OptimOTU pipeline, ITS2 

This example data analyses follows OptimOTU workflow as implemented in PipeCraft2’s pre-compiled pipelines panel.

Download example data set here (4.1 Mb) and unzip it.

This is paired end Illumina dataset, ITS2 amplicons.

Note

OptimOTU pipeline is not much customizable; most important parametes to check/specify are the primers (CUT PRIMERS AND TRIM READS panel) and model file (AMPLICON MODEL SETTINGS panel)

Starting point

This example dataset consists of ITS2 rRNA gene amplicon sequences; targeting fungi:

paired-end Illumina MiSeq data;
demultiplexed set (per-sample fastq files);
primers are not removed;
sequences in this set are 5’-3’ (fwd) oriented.

Required directory structure for OptimOTU

 my_dir/
 └── sequences/         # SELECT THIS FOLDER AS WORKING DIRECTORY (name here can be anything)
     └── 01_raw/
         ├── Run1/      # name here can be anything (without spaces)
         │   ├── sample1_R1.fastq.gz
         │   ├── sample1_R2.fastq.gz
         │   ├── sample2_R1.fastq.gz
         │   └── sample2_R2.fastq.gz
         ├── Run2/      # name here can be anything (without spaces)
         │   ├── sample3_R1.fastq.gz
         │   ├── sample3_R2.fastq.gz
         │   ├── sample4_R1.fastq.gz
         │   └── sample4_R2.fastq.gz
         └── Run3/      # name here can be anything (without spaces)
             ├── sample5_R1.fastq.gz
             └── sample5_R2.fastq.gz

To select OptimOTU pipeline, press
SELECT PIPELINE –> OptimOTU.

To select input data, press SELECT WORKDIR
and specify
sequence files extension as *.fastq.gz;
sequencing read types as paired-end.

Target taxa and sequence orientation

Here we are specifying that target taxa is fungi, and sequence orientation is fwd.

Control sequences

Control sequences are sequences that are not target taxa, but are used to estimate the error rate of the sequencing.

Cut primers and trim reads

The example dataset contains primer sequences. Generally, we need to remove these to proceed the analyses only with the variable metabarcode of interest. If there are some additional sequence fragments, from eg. sequencing adapters or poly-G tails, then clipping the primers will remove those fragments as well.

For the example data, the forward primer is ITS3 GCATCGATGAAGAACGCAGC and reverse primer is ITS4 TCCTCCGCTTATTGATATGC.

Quality filtering

Quality filtering here removes sequences which does not meet the threshold for the allowed maximum number of expected errors. See here for more inforamtion about sequence quality and here for the additional information about expected errors.
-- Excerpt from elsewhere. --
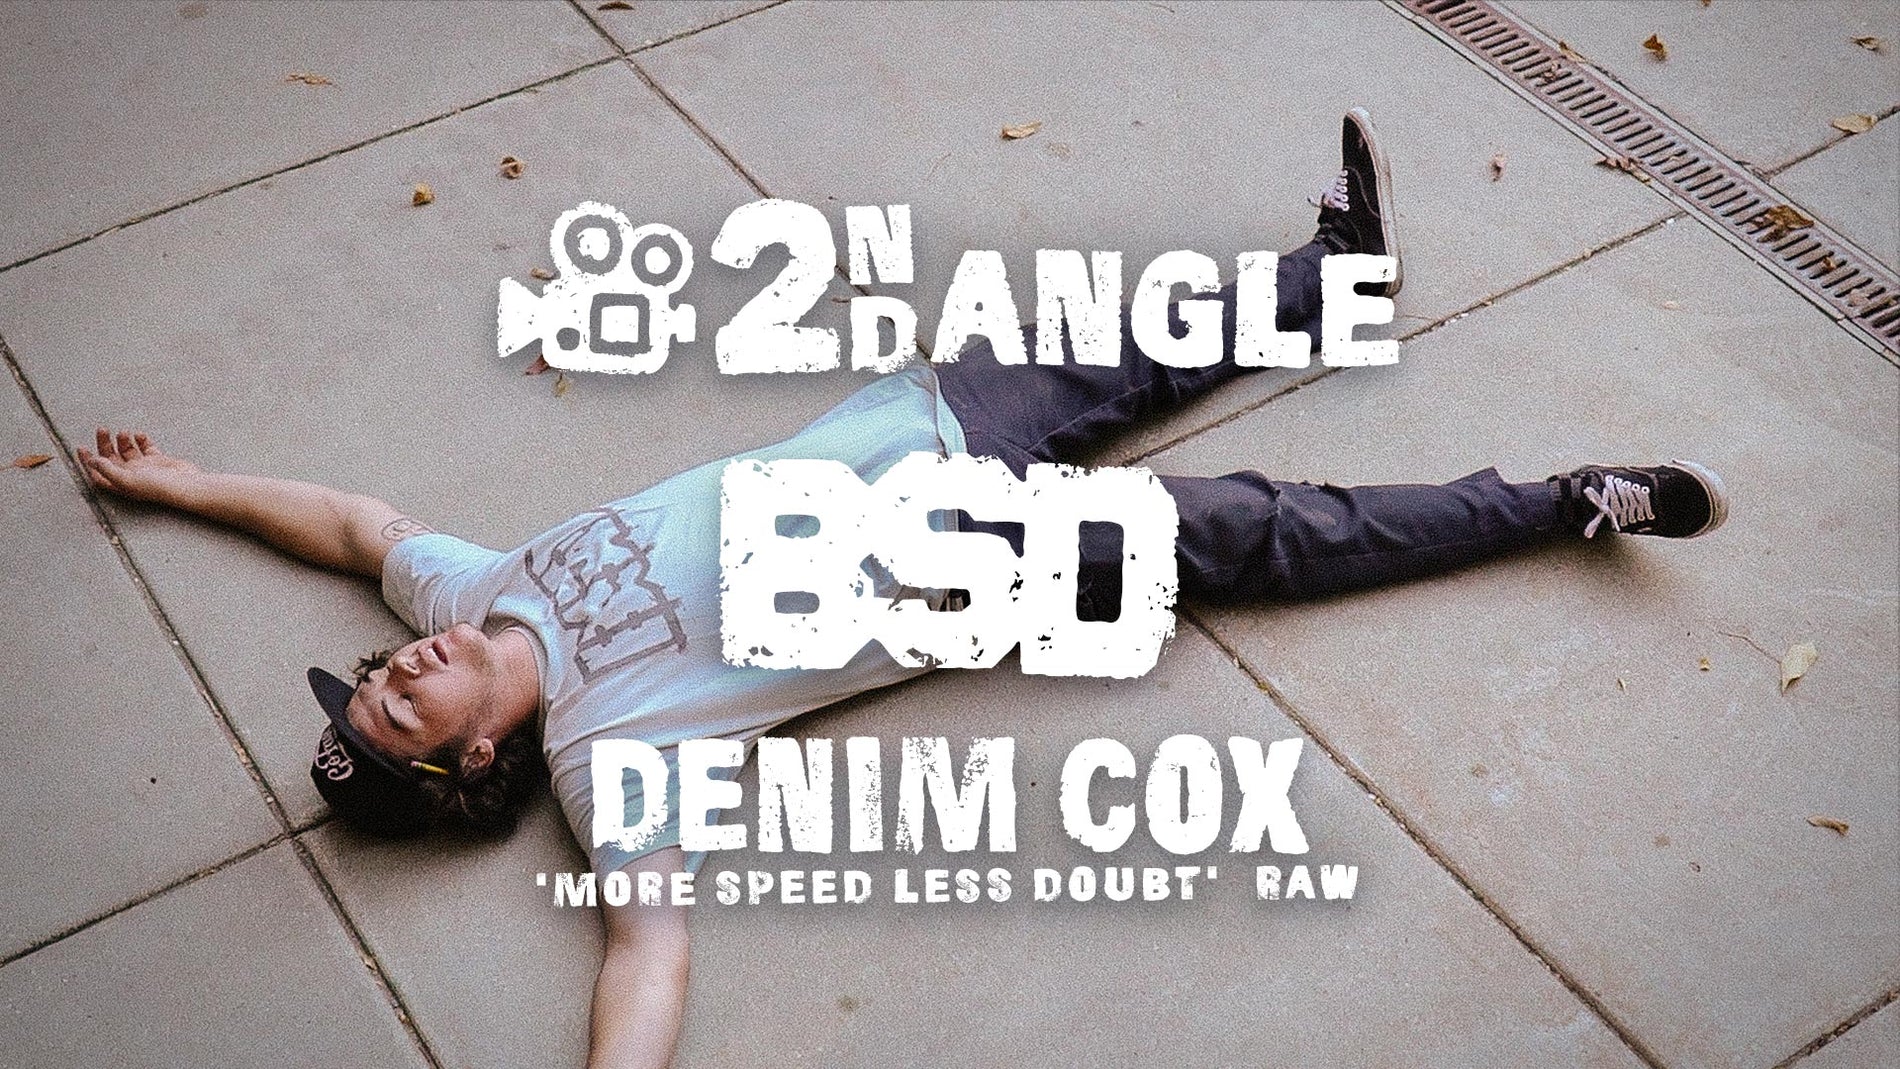 2ND ANGLE - DENIM COX 'MORE SPEED LESS DOUBT' RAW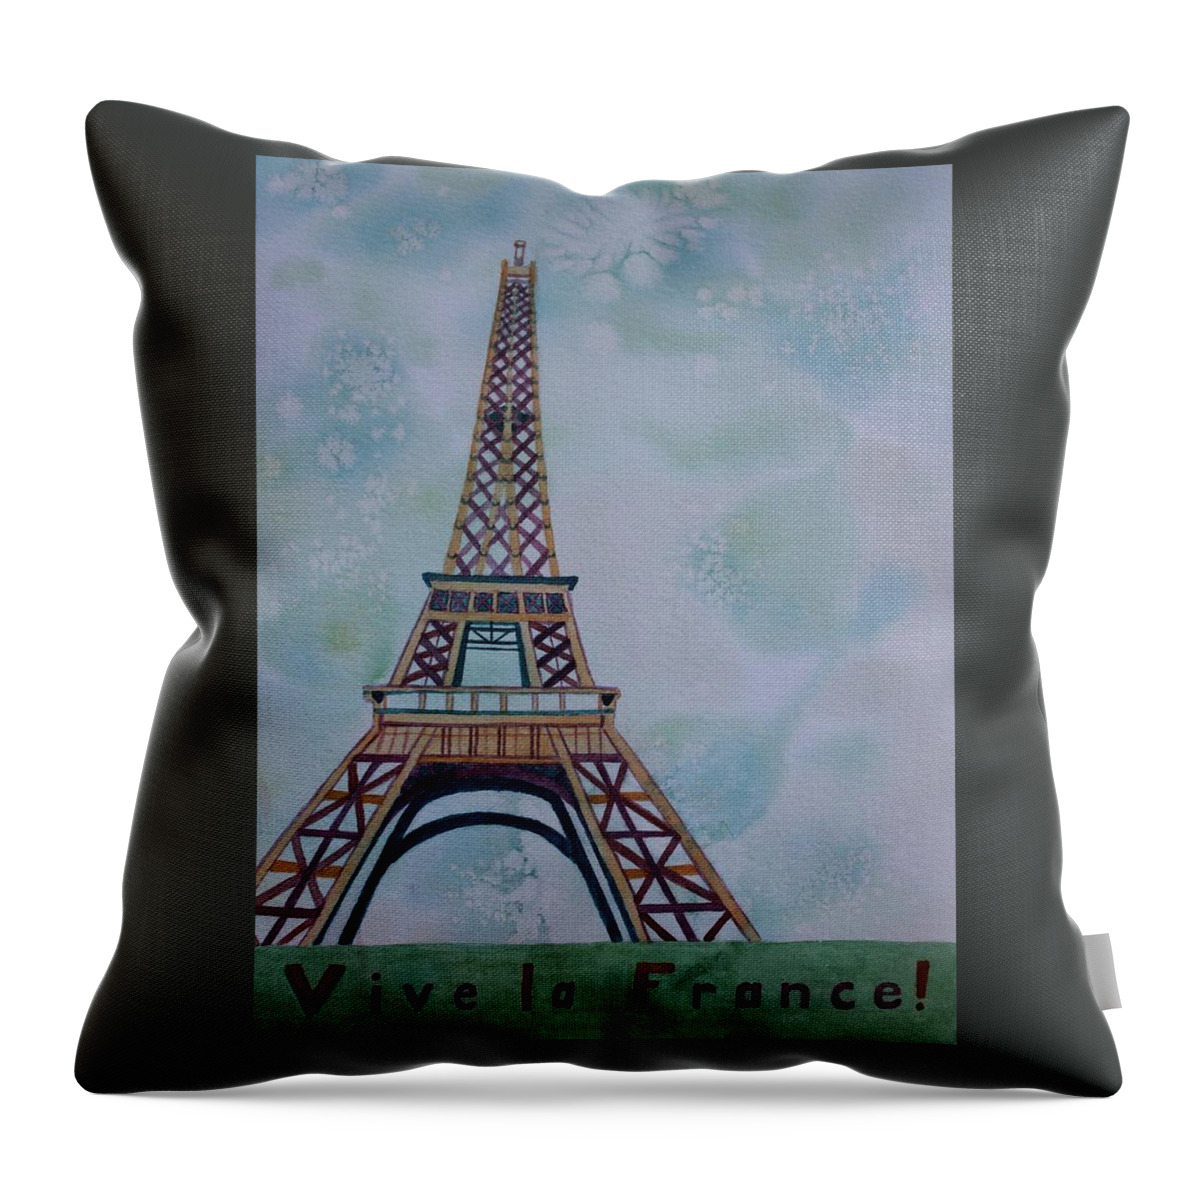 Eiffel Tower Throw Pillow featuring the painting Vive la France by Vera Smith

Denoising and merging paired-end reads

The denoising step are performed using the DADA2 package (Callahan et al. 2016) with default parameters optimized for Illumina amplicon data. Error profiles are learned separately for each sequencing run. Denoising is performed using the dada() function, and read pairs are merged using the mergePairs() function. There are no adjustable settings here.

Chimera filtering

The chimera filtering step is performed using the DADA2 package (Callahan et al. 2016) with default parameters (consensus method). There are no adjustable settings here.

Filter tag-jumps

Tag-jump events are evaluated the UNCROSS2 algorithm (Edgar 2018) are removed. The expected tag-jump rate (f-value) and the severity of the removal (p-value) can be specified. Here for dual-indexes and combinational indexing strategy (e.g. indexFwd_1-indexRev_1 and indexFwd_1-indexRev_2), we are using the default values: - f-value of 0.03 - p-value of 1

For single-indexes, use f-value of >=0.05.

Amplicon model setting

This example dataset has been generated usign primers ITS3-ITS4 for fungi, thus we are using the model_file = ITS3_ITS4.cm. And the model_type = CM.

Protax classification

For fungi, a built-in database for protax classification can be used.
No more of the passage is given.